Without the images, repeat every line of the listing exactly.

_Dataset content:_

────────

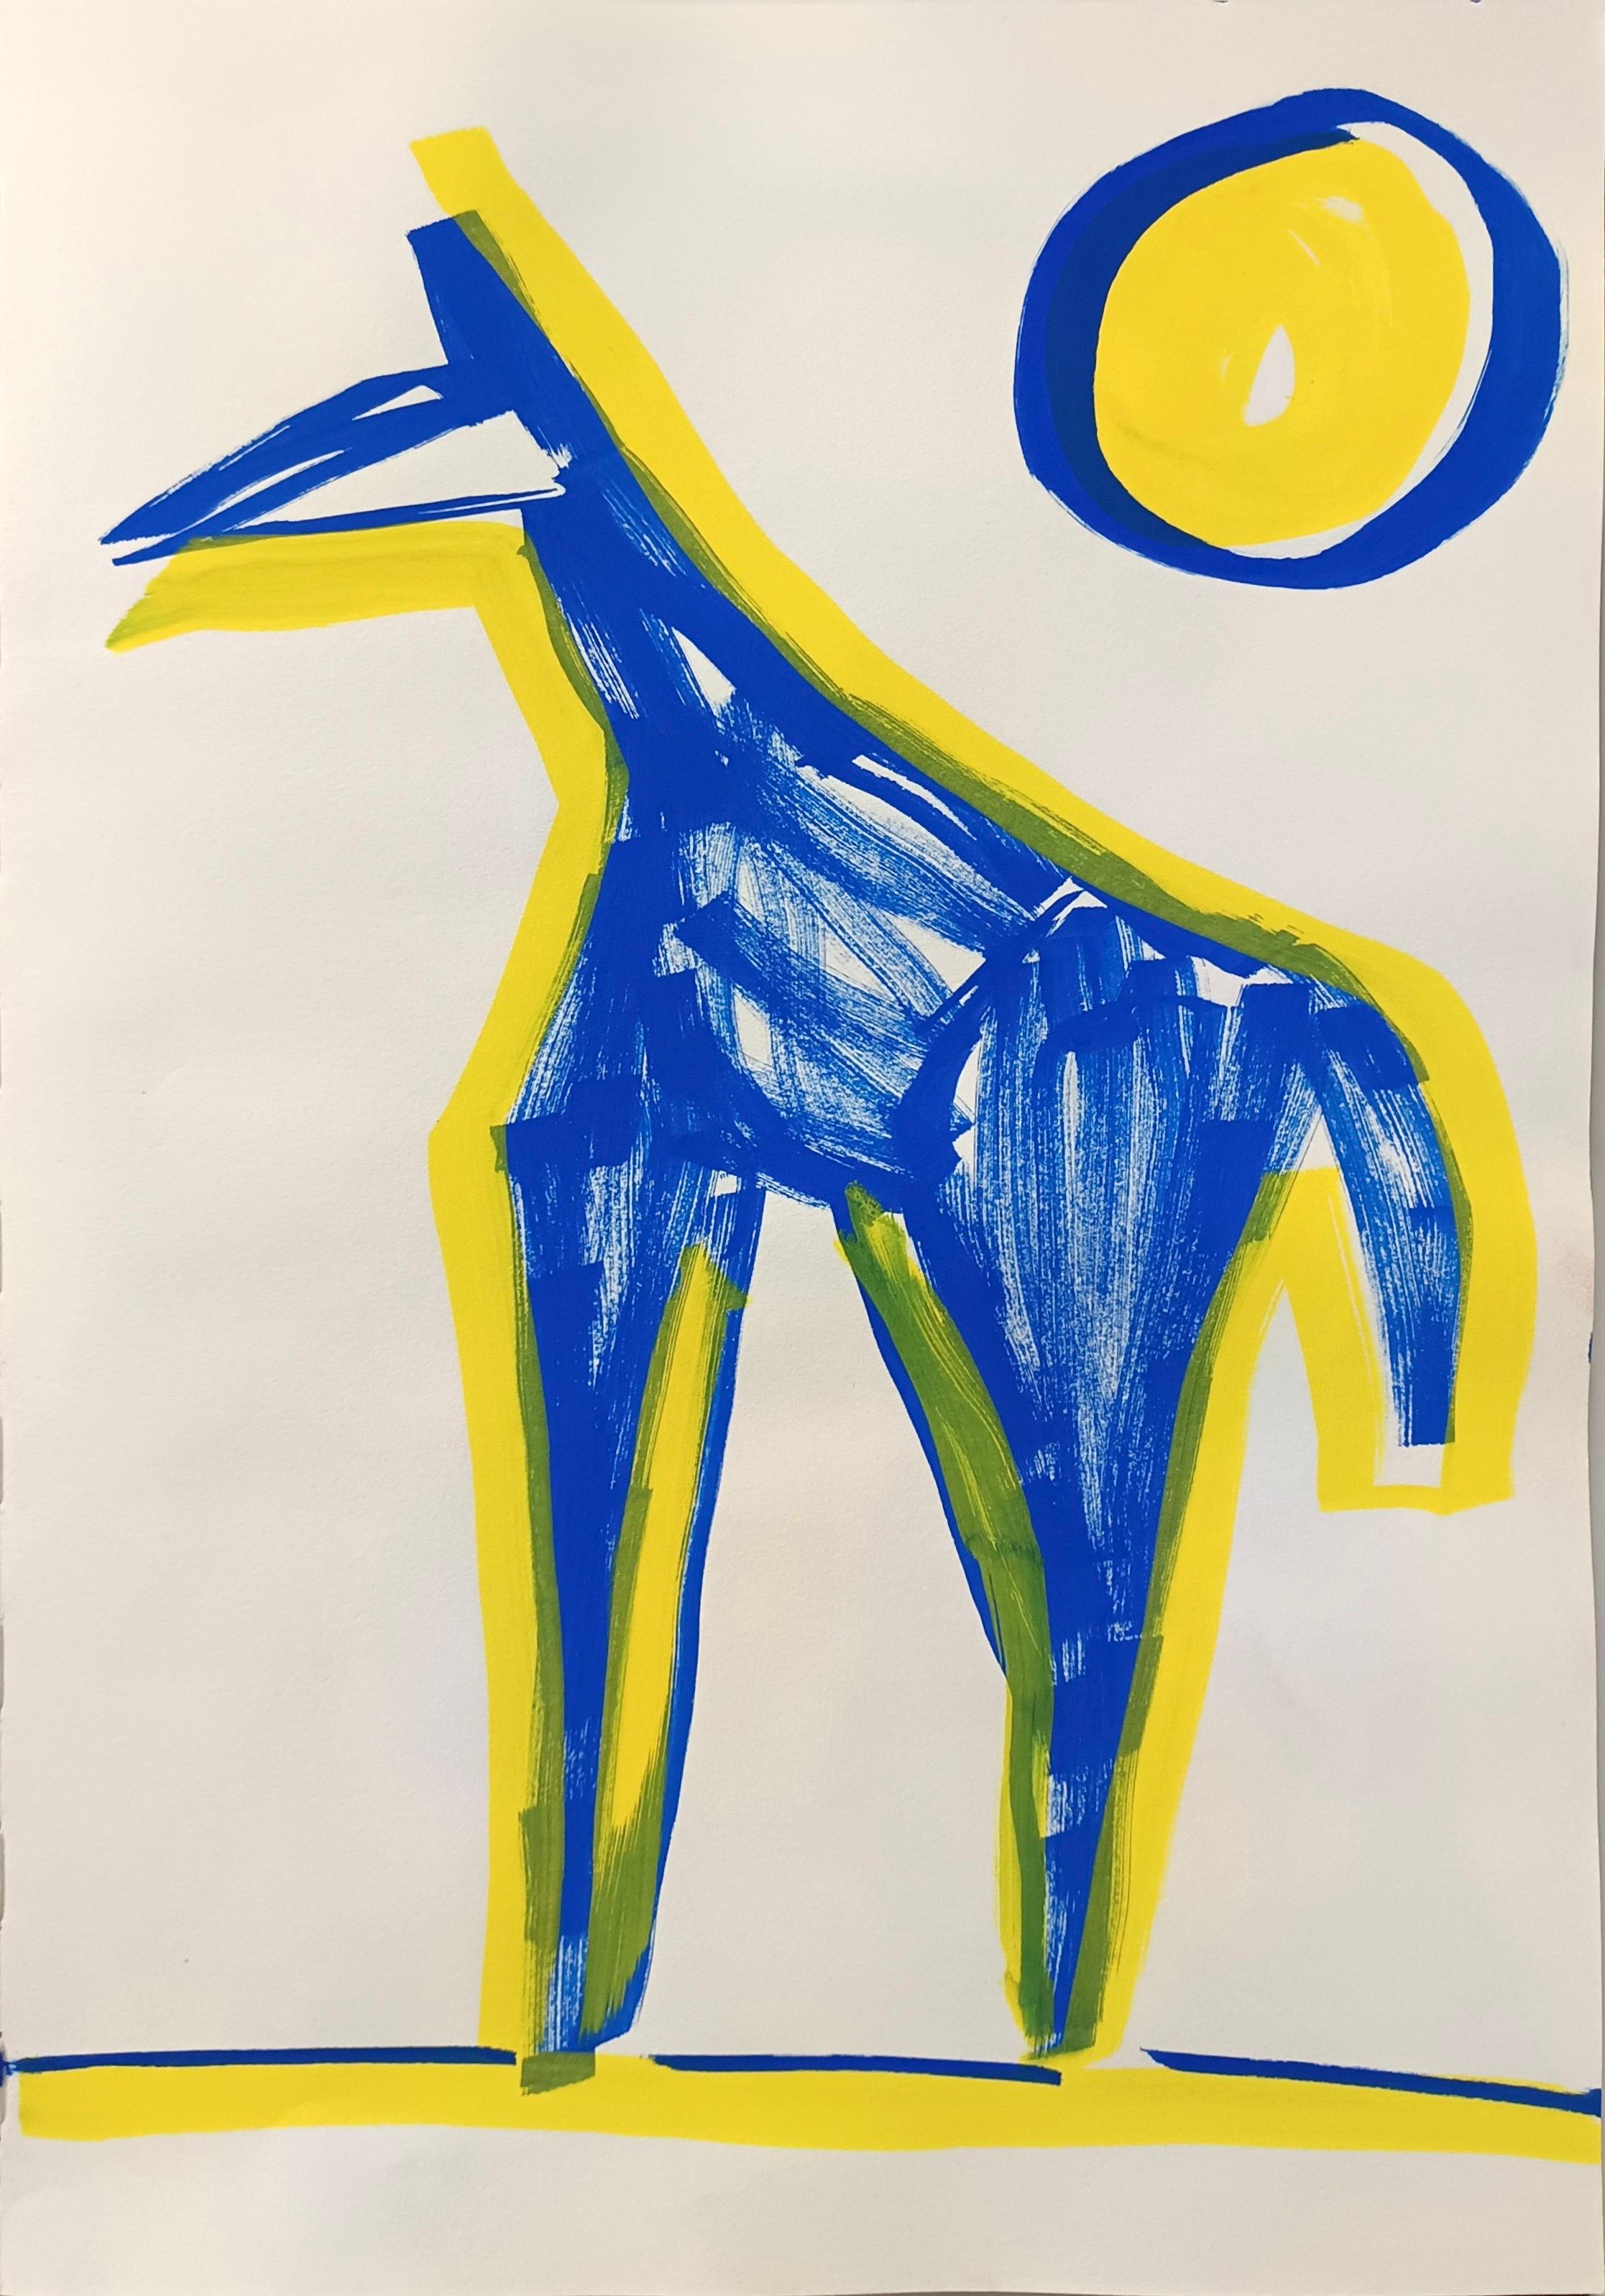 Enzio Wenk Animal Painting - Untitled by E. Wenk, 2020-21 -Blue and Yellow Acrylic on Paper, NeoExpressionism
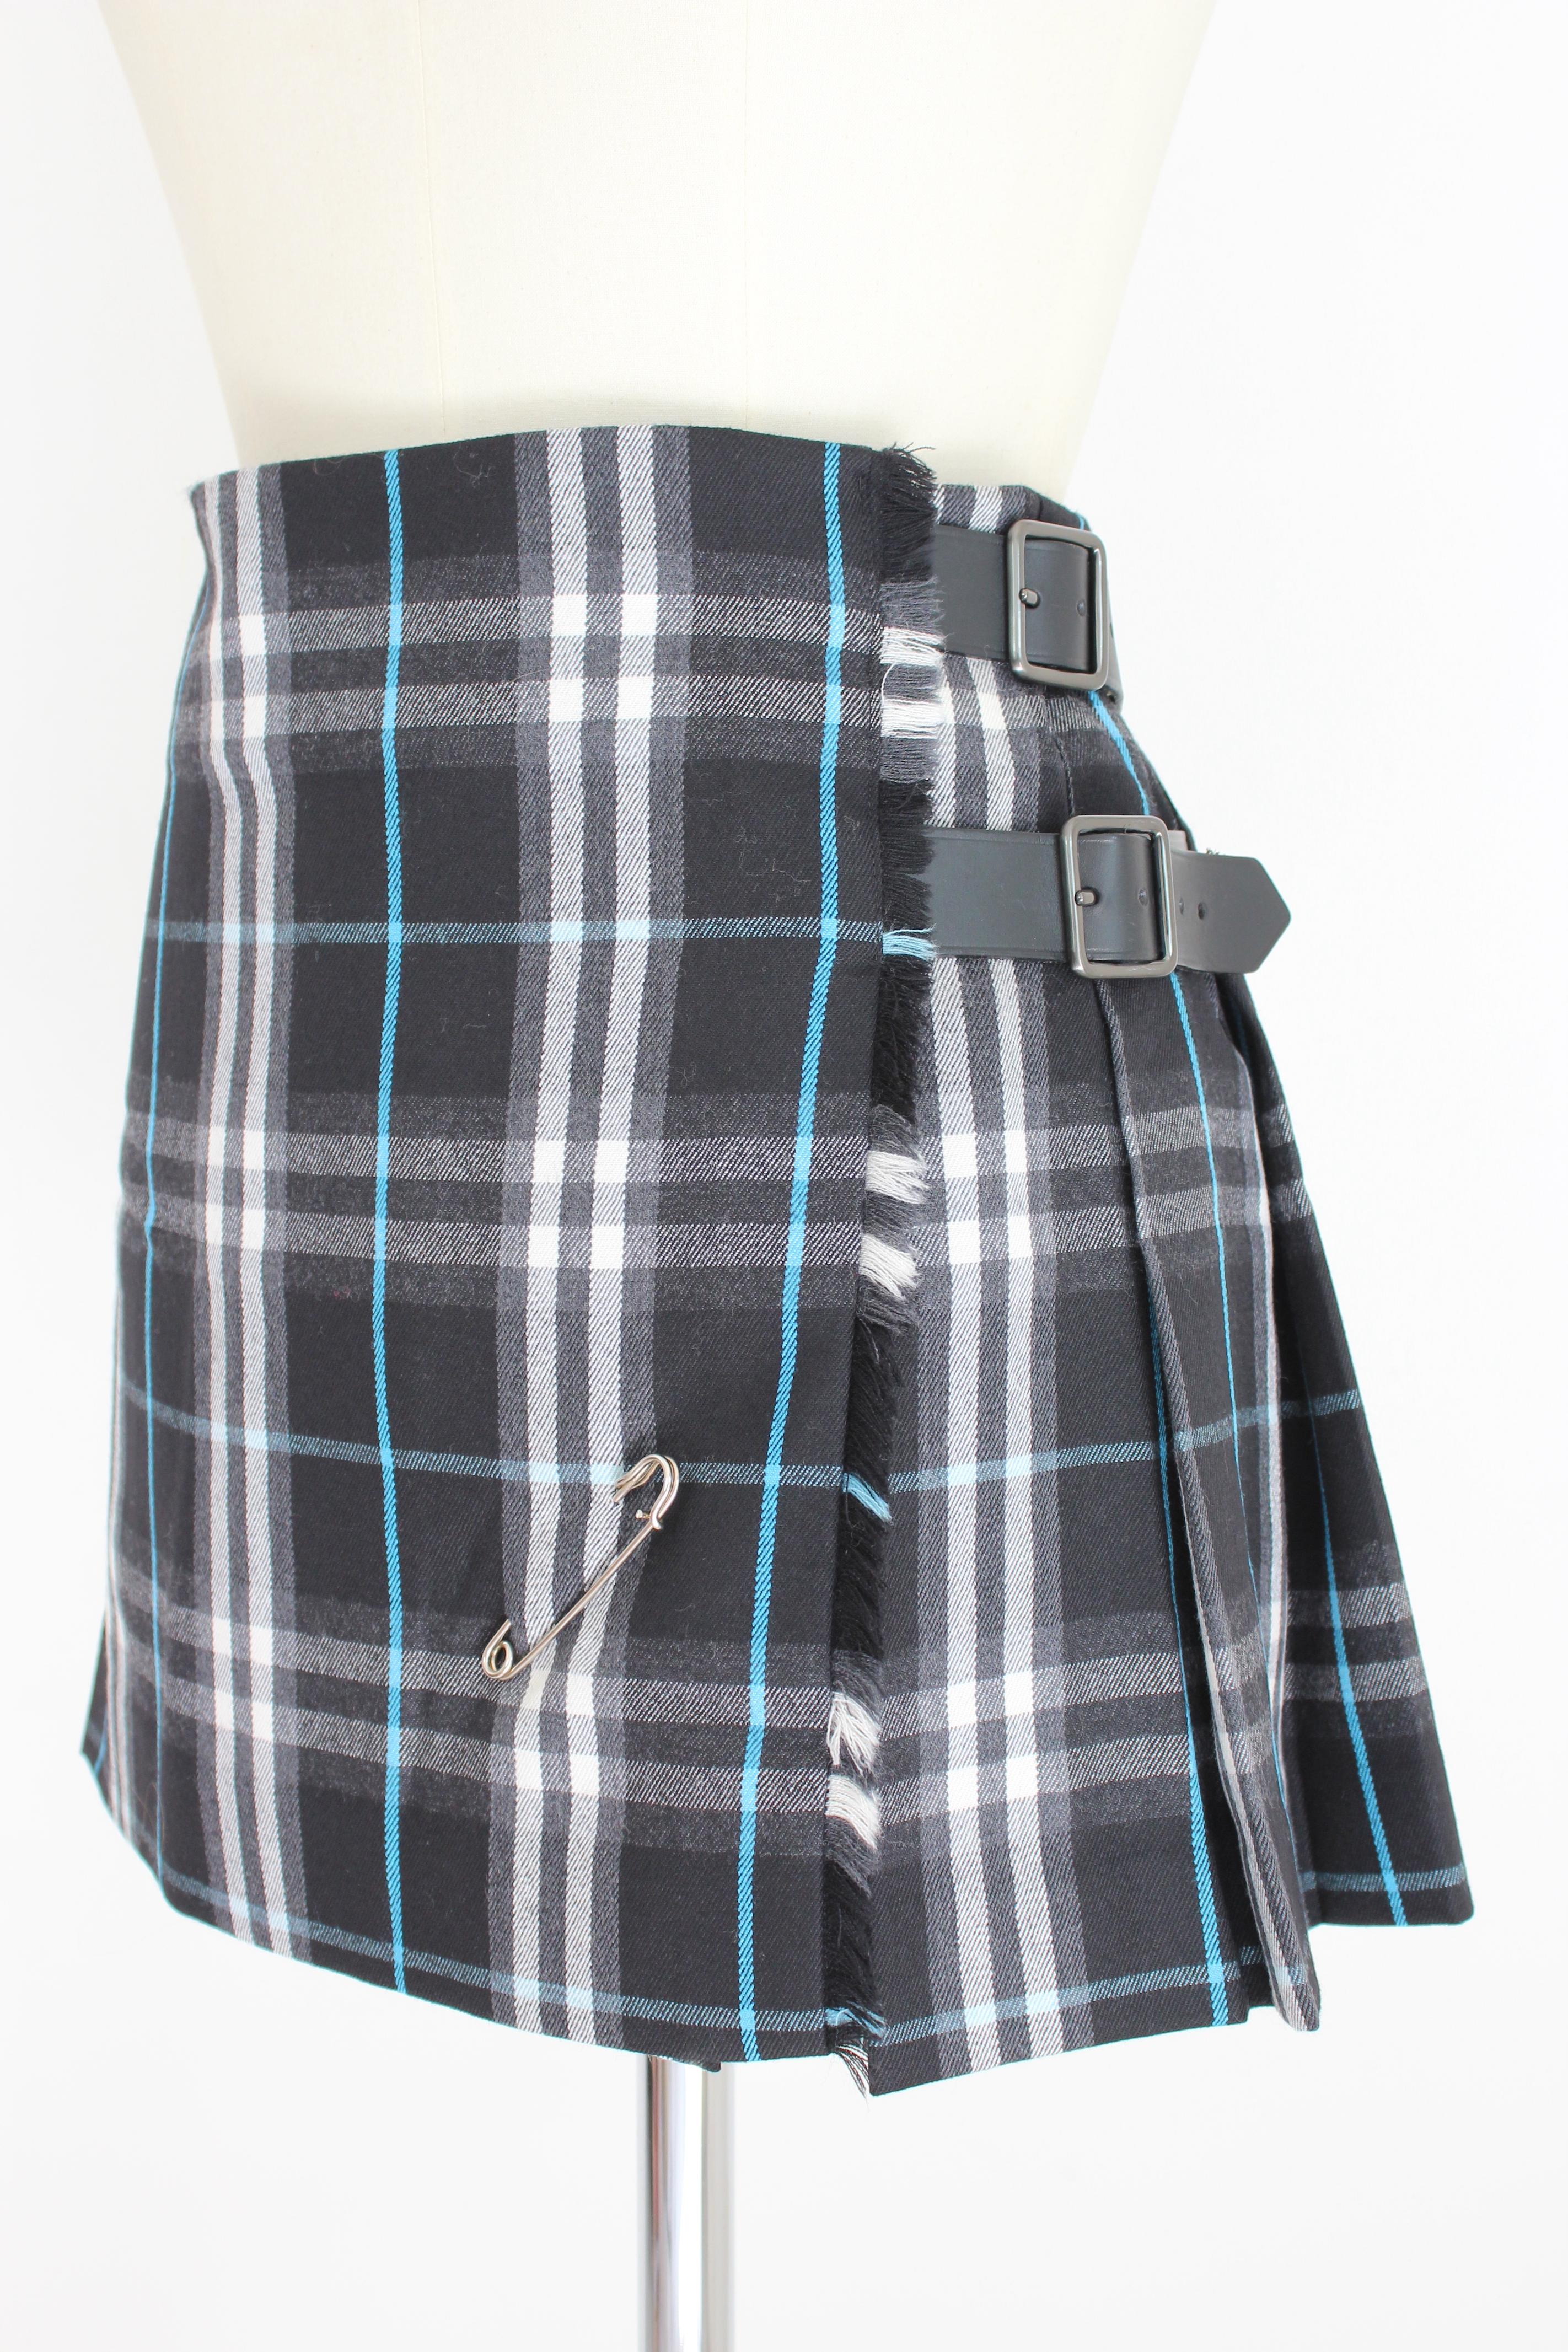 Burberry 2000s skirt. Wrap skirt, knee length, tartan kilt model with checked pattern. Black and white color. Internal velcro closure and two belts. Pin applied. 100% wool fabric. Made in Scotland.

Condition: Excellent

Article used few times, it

────────

_Exercise response:_
 Enzio Wenk Animal Painting - Untitled by E. Wenk, 2020-21 -Blue and Yellow Acrylic on Paper, NeoExpressionism
 Burberry 2000s skirt. Wrap skirt, knee length, tartan kilt model with checked pattern. Black and white color. Internal velcro closure and two belts. Pin applied. 100% wool fabric. Made in Scotland.

Condition: Excellent

Article used few times, it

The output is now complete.